Written by Dominic Rolfe

It’s unlikely Peter Doyle will forget his first moments as a chef. If he ever does, all he needs to do is peer down at his index finger. When the new apprentice landed a job at the Argyle Tavern in 1972, after shopping himself around for two weeks, his head chef told him to cut the carrots. Doyle had a brand new French knife but no idea about slicing veggies. He stood the carrot vertically and began. “The knife went straight through the carrot into my finger,” says Doyle, “I got this huge gash just below the nail. They squirted a bit of powder on it, wrapped it in a bandage and said carry on. It took six months to heal because it should have been stitched and instead just flapped around for ages.”
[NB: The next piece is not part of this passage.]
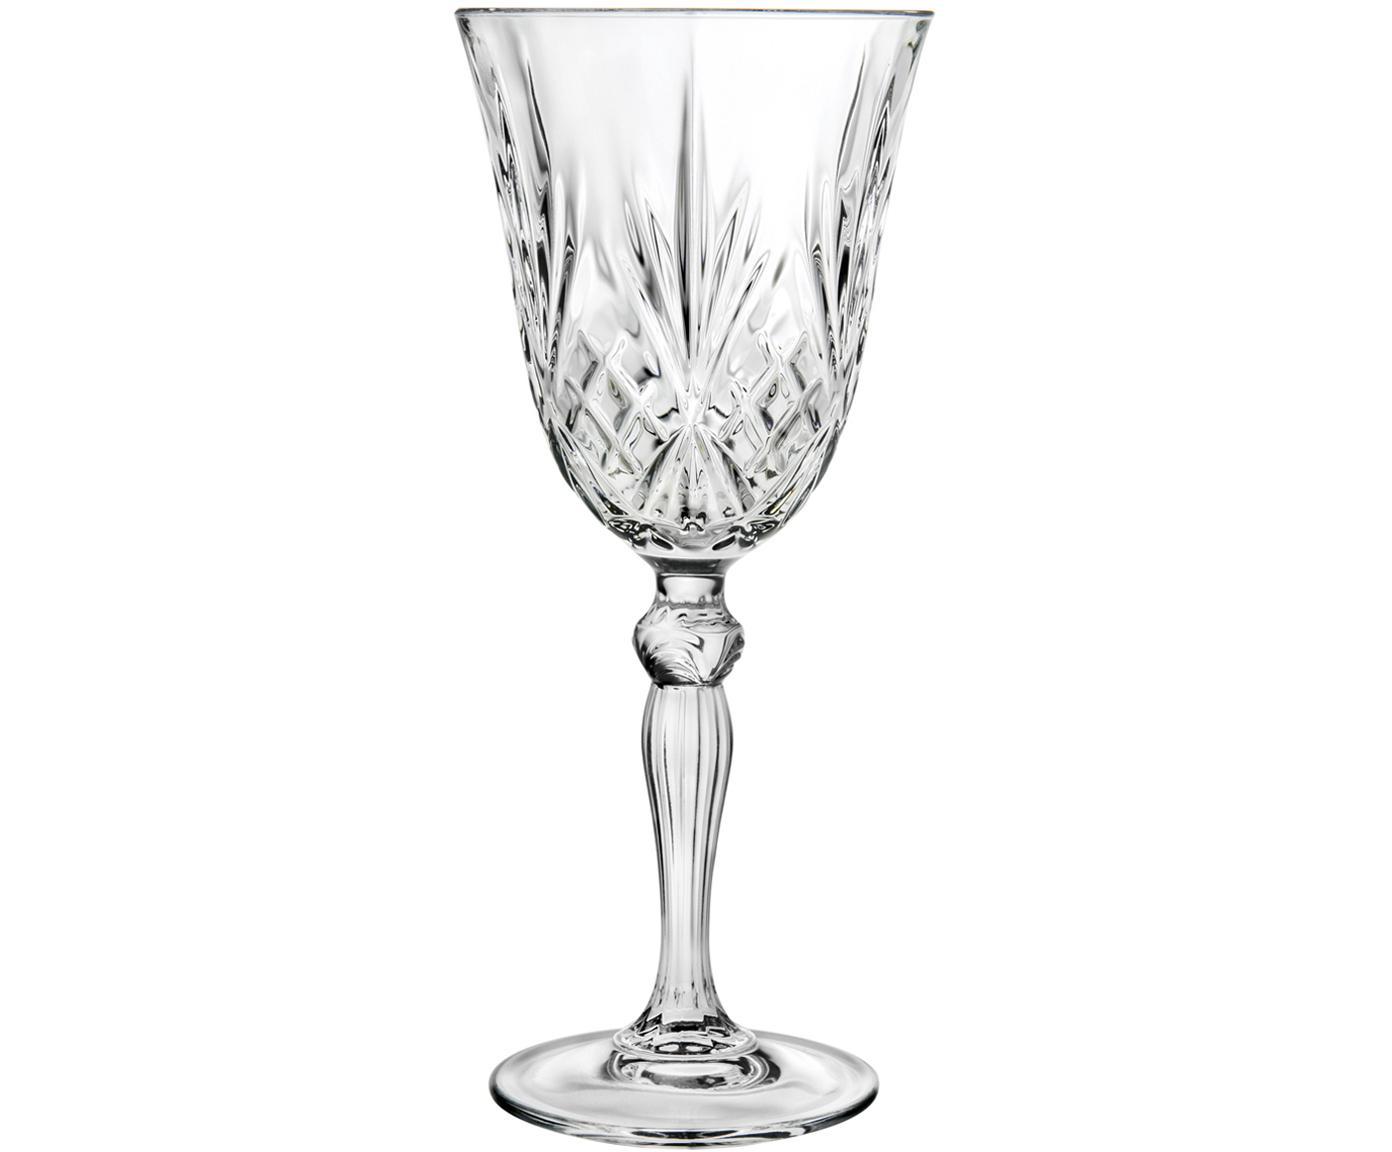 Kristallen witte wijnglazen Melodia, 6 stuks, Kristalglas, Transparant, Ø 8 x H 19 cm

Sydney diners should be grateful that the perfect u-shaped scar he still bears didn’t kill his career before it had even begun. “It was a really busy and super basic menu,” says Doyle, “it only had roast pork, roast chicken, roast beef, that sort of thing. But the four or five guys I started with were professional and really friendly – I was taken with the job straight away.”

Looking back on over four decades in the business, Doyle, who is Executive Head chef at the lauded Sydney restaurant, est., says it’s hard to explain that when he began most menus consisted of “pretty much the same 25 dishes. Nothing had moved for 30 years.”
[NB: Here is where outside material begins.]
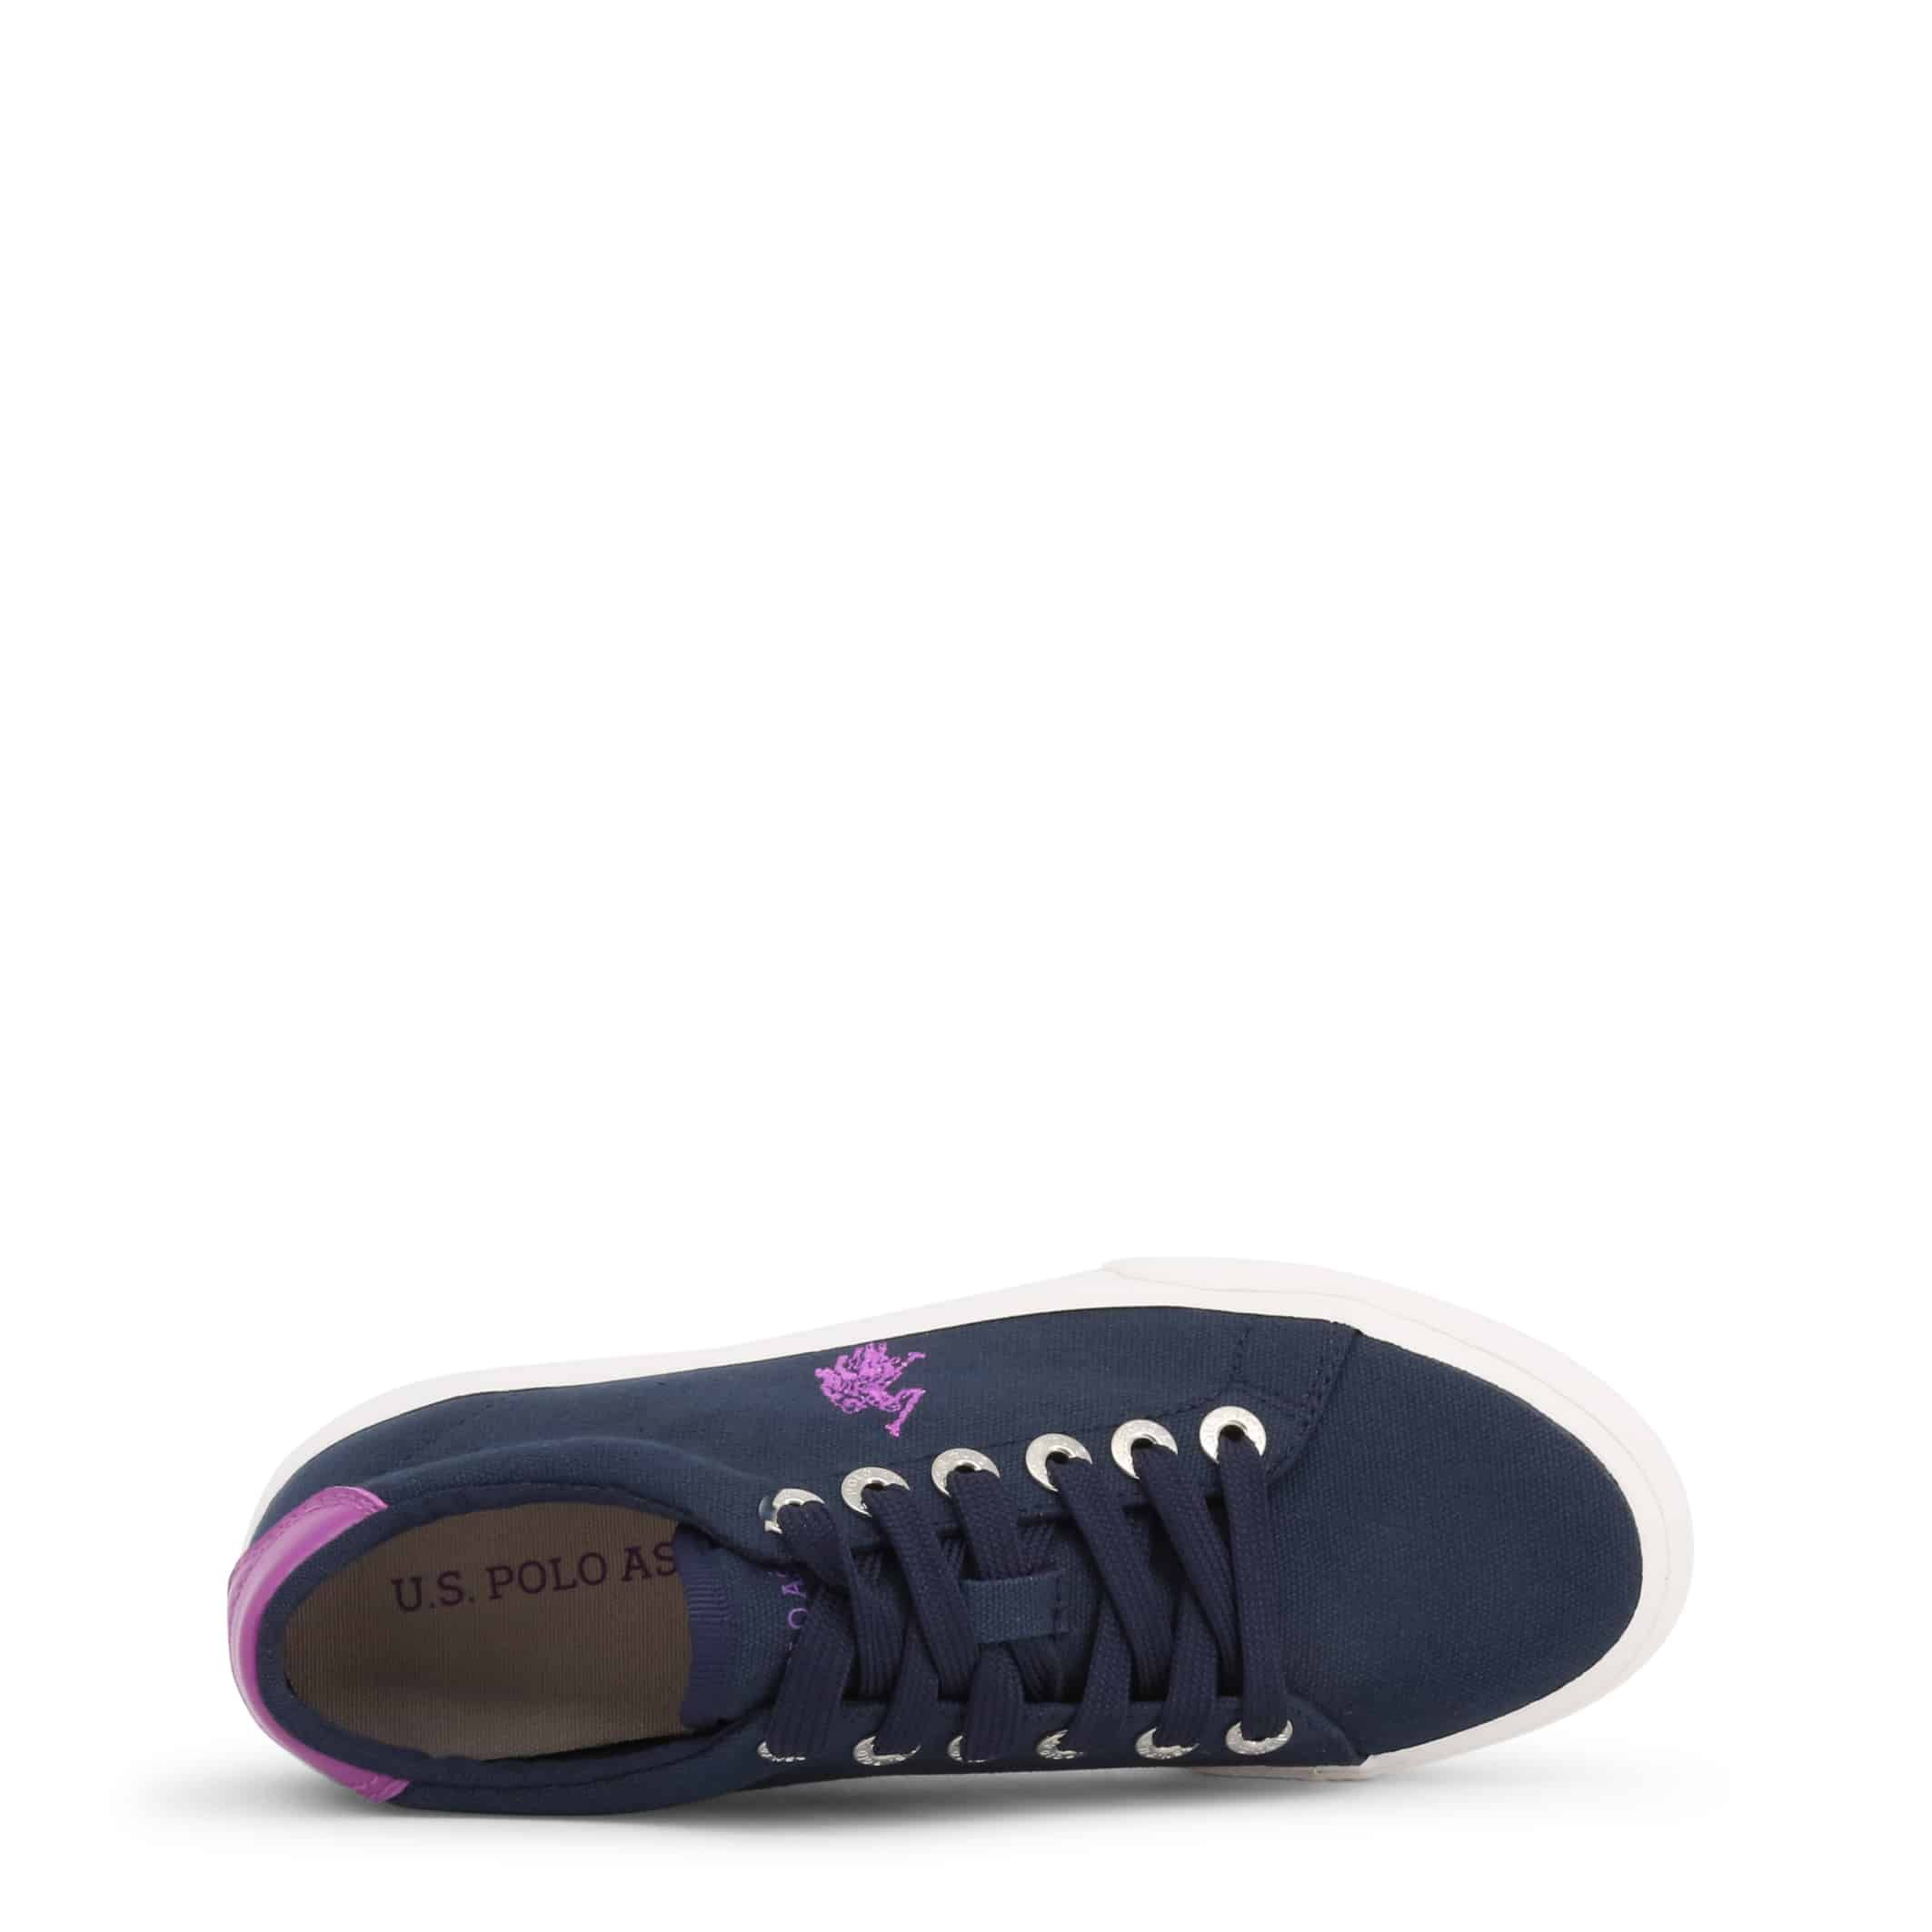 Sneakers U.S. Polo Assn. – MAREW4262S0_CY1

Not that Doyle had an inkling of the historical stasis – the boy from Cronulla barely knew what “a la carte” meant. “I didn’t have a grandmother that I’d learnt from, I didn’t really cook growing up,” he says, “but then I started reading books like Mastering The Art of French Cooking by Julia Child and that opened my eyes to a big wide world of cooking.”

As it turned out, the callow chef and keen surfer, was hitting the water at exactly the right time. “I was lucky to have started in the sort of dark ages,” says Doyle, “Towards the end of my apprenticeship, nouvelle cuisine happened. It really was an exciting time, when the first revolution of product became evident.”
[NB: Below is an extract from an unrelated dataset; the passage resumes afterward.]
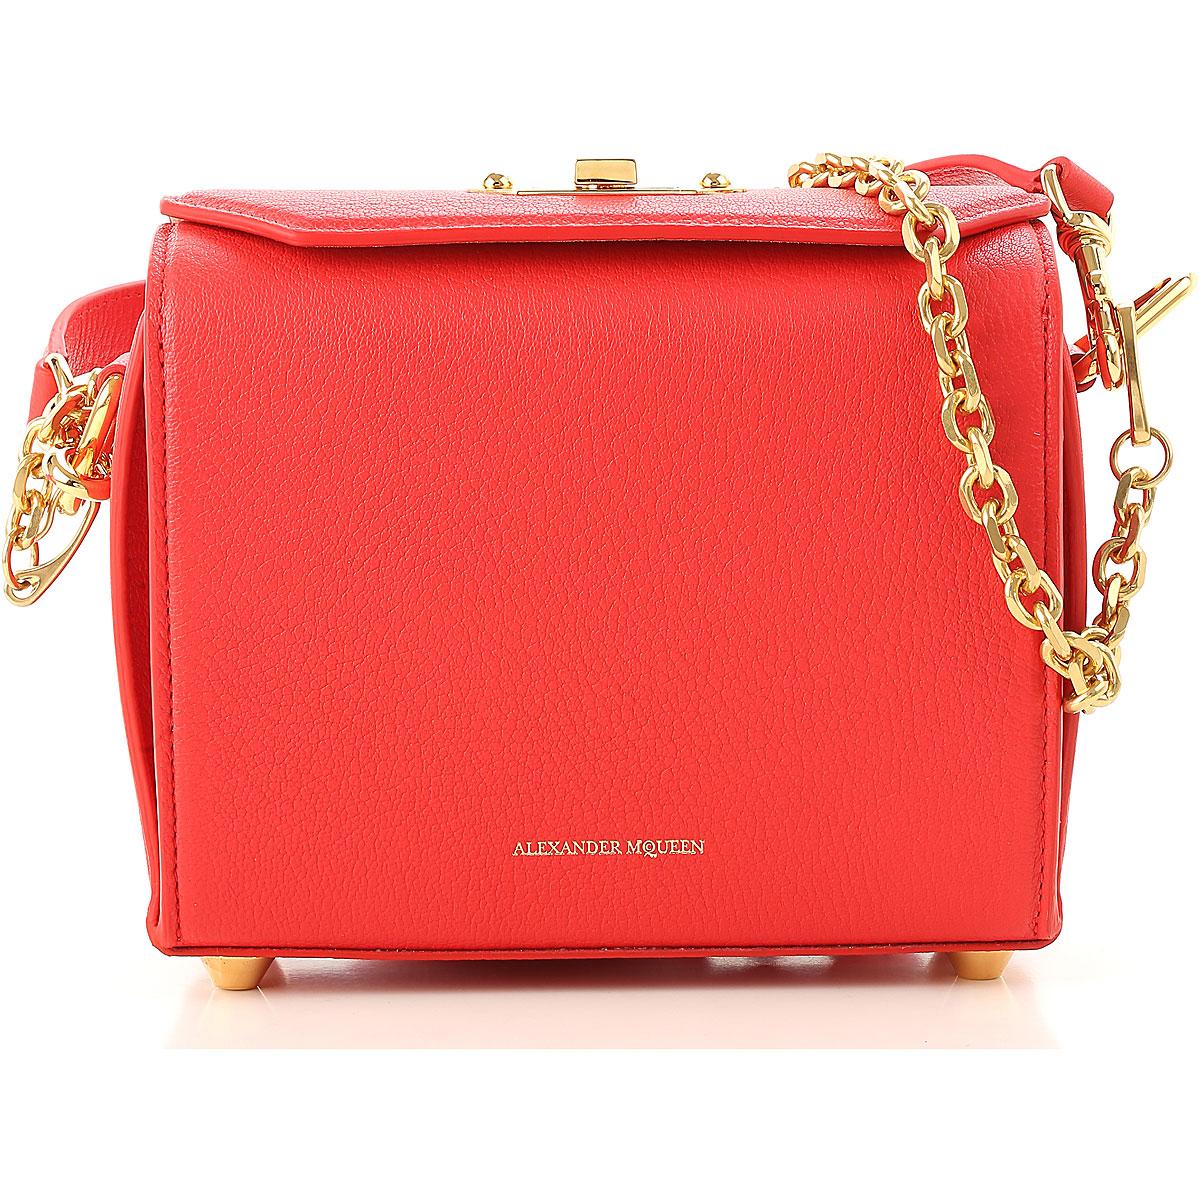 Image of Alexander McQueen Handbags, Red, Leather, 2017

After 18 months at the Argyle Tavern, stints at the Macquarie Inn and the Newport Arms, and trips through Africa, France and Europe, Doyle landed at Chanterelle, where he would hone his classical techniques. Six months later, he left to open Turrets in the Castlereagh Hotel with his wife Beverley. “We did lunch for 20 people every day,” he says, “I worked in the kitchen, Beverley worked out front – it was amazing.”

Unlike the expensive fit outs that attend most new openings these days, Doyle took over the lease for $1500 and was dead broke. “I had to borrow $300 from my Dad to go to Paddy’s Markets and buy the first day’s ingredients,” he laughs. “It was a great learning curve and it really taught us the basics of business. Mind you, it’s never been that good since as you banked nearly fifty percent of the takings each week. The margins are a lot slimmer these days!”

At Turrets and, subsequently, Reflections in Palm Beach, Le Trianon and Cicada in Potts Point and Celsius, Doyle relished the opportunity to show his individuality. “I think our whole era of young chefs wanted to own restaurants because they wanted to express what they thought a modern good restaurant was,” he says, “All of sudden you’re on your own and you have to shape up a menu. But you’re reading and absorbing a lot of things so you sort of knew what you wanted to do … and you just hope it was right!”

Even though Doyle’s notions of having a career that would allow him to surf in the morning were swiftly quashed, maintaining balance in his work and life has always been important. “Almost every day, you wonder if it’s all a bit crazy,” he says, “And while some people think it’s a badge of honour to work 100 hours a week, I just say, ’OK, come and see me in five years!’ You’ve got to keep a balance.”

These days the glories of owning his own restaurant are more than ten years behind him (“My day off is more relaxing now!”) but that joy of being in a big kitchen still fires his passion. “What drives the industry is the energy, the creativity and the imagination of the people doing it,” says Doyle, “It’s great being in the kitchen surrounded by young people. The camaraderie in the kitchen is the same as it ever was.”